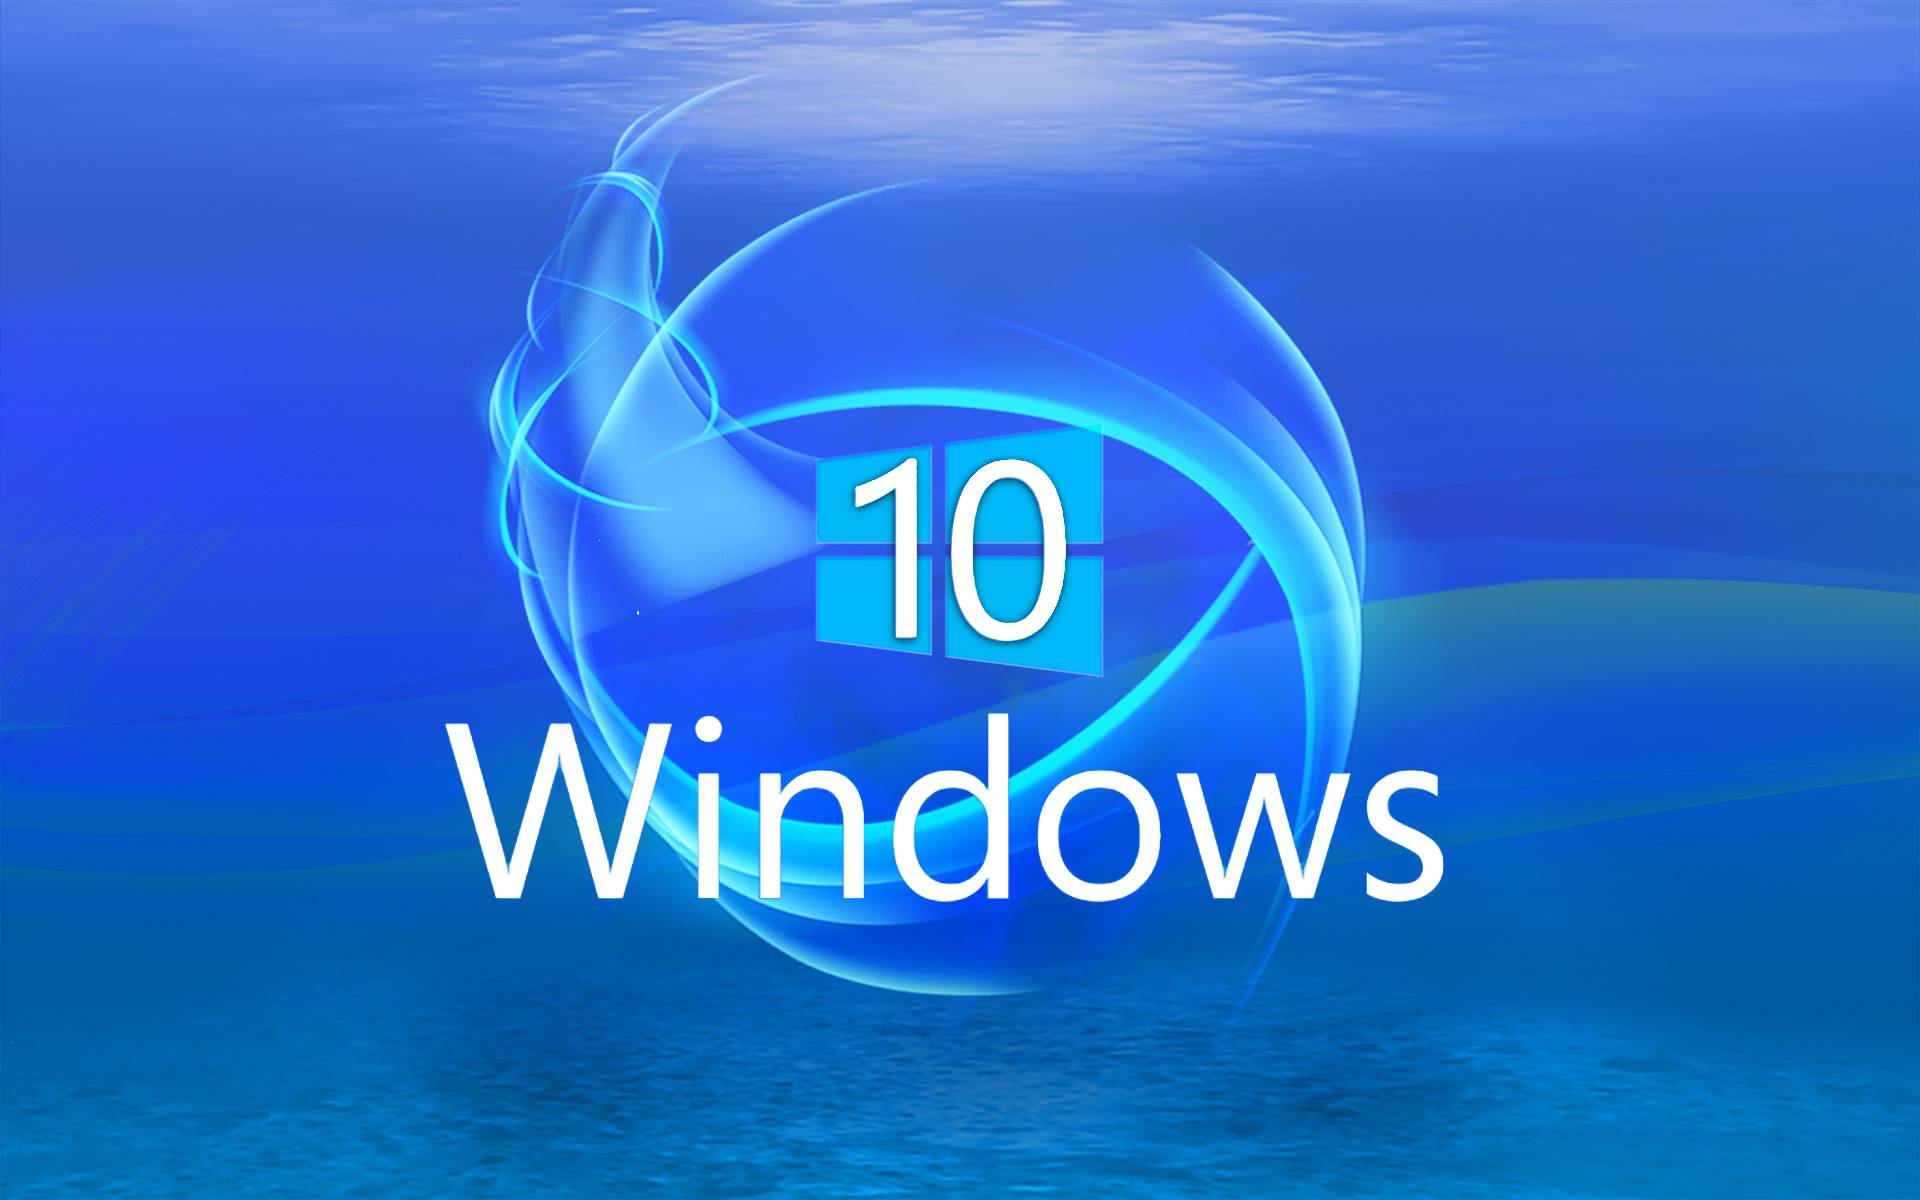 Windows 10 photos from the lock screen · free photo
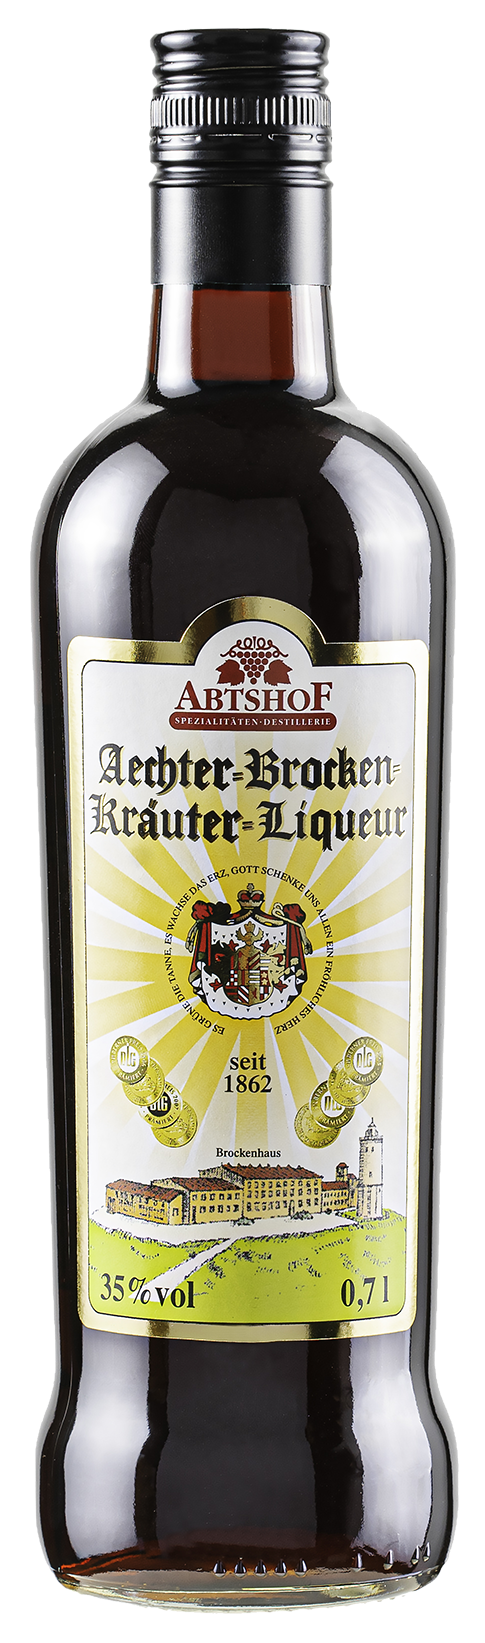 Aechter-Brocken-Herb-Liqueur® - 0.7 L / 35% vol. (Herbal liqueur)
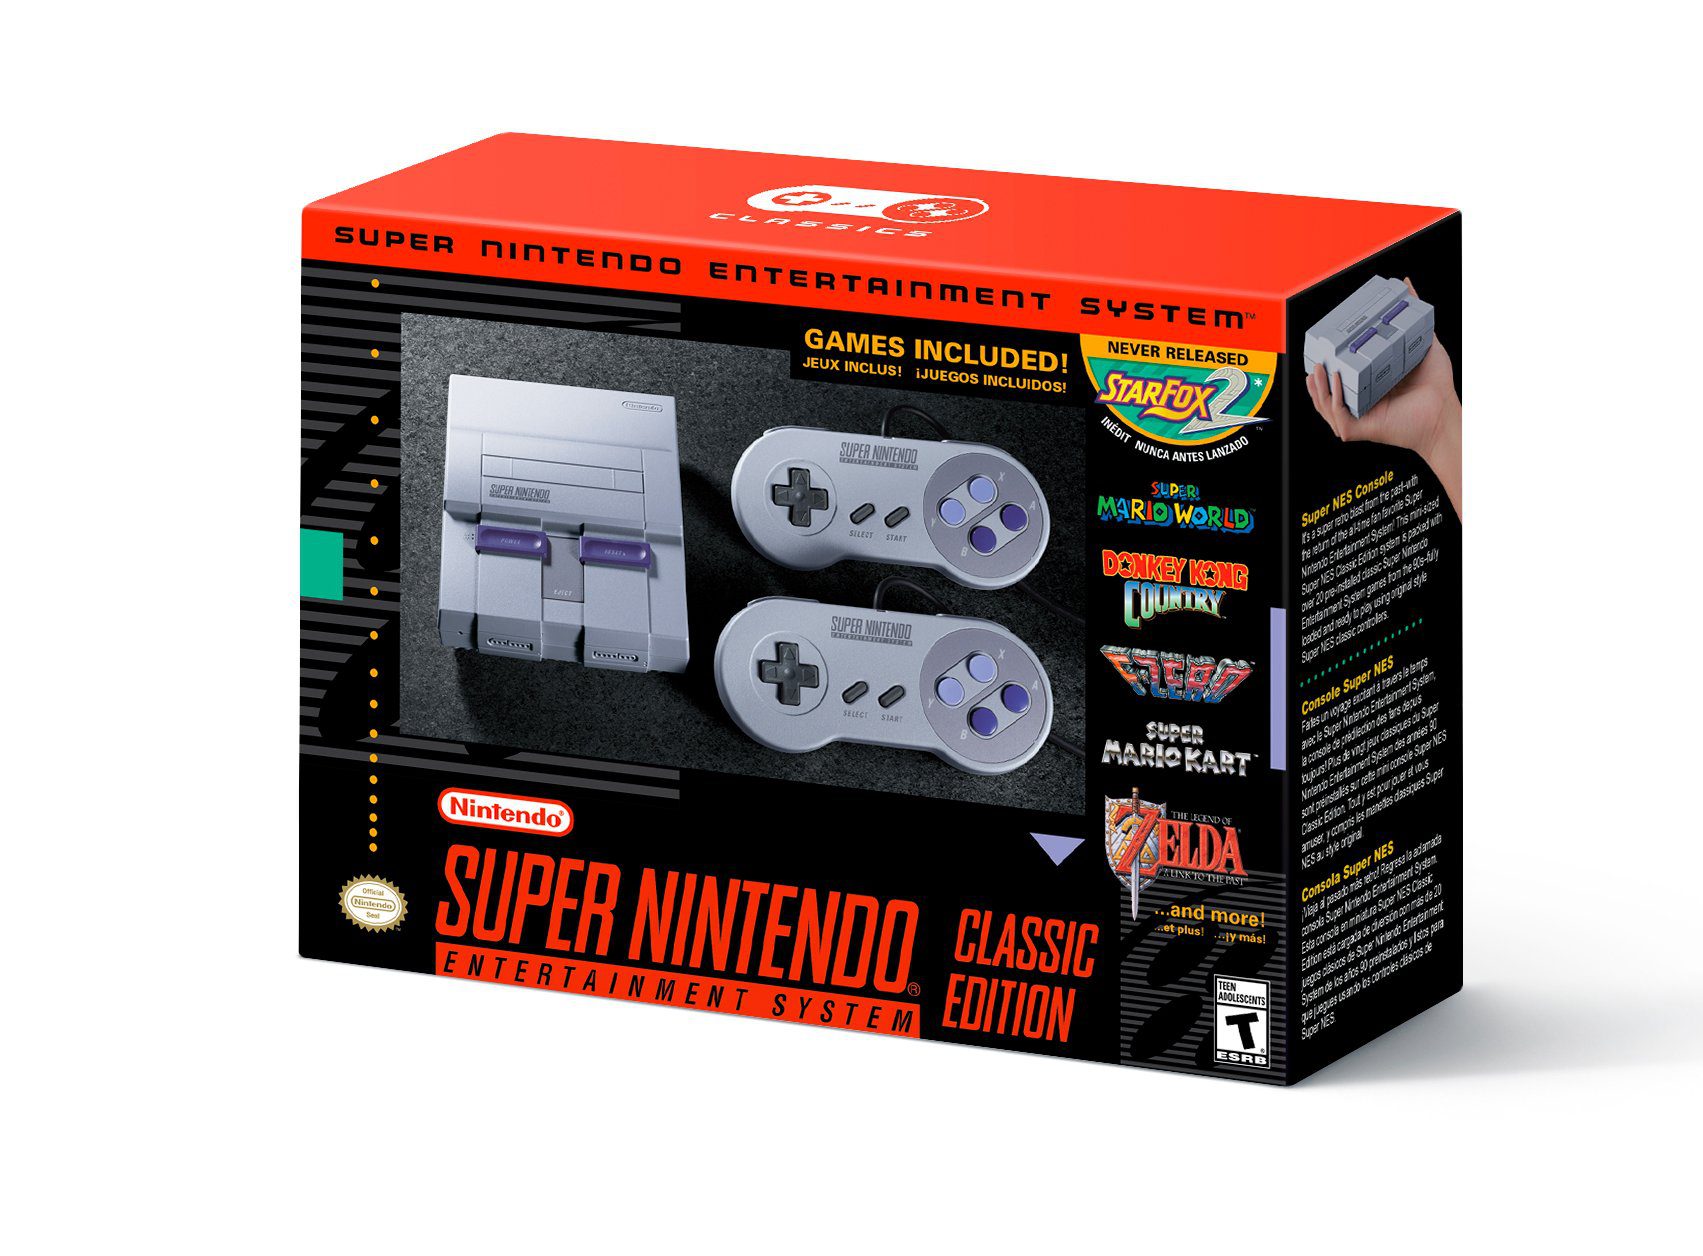 Nintendo Officially Announces the SNES Classic

What to produce:
Please output the entire listing above verbatim and omit its images.

Your solution:
 Windows 10 photos from the lock screen · free photo
 Aechter-Brocken-Herb-Liqueur® - 0.7 L / 35% vol. (Herbal liqueur)
 Nintendo Officially Announces the SNES Classic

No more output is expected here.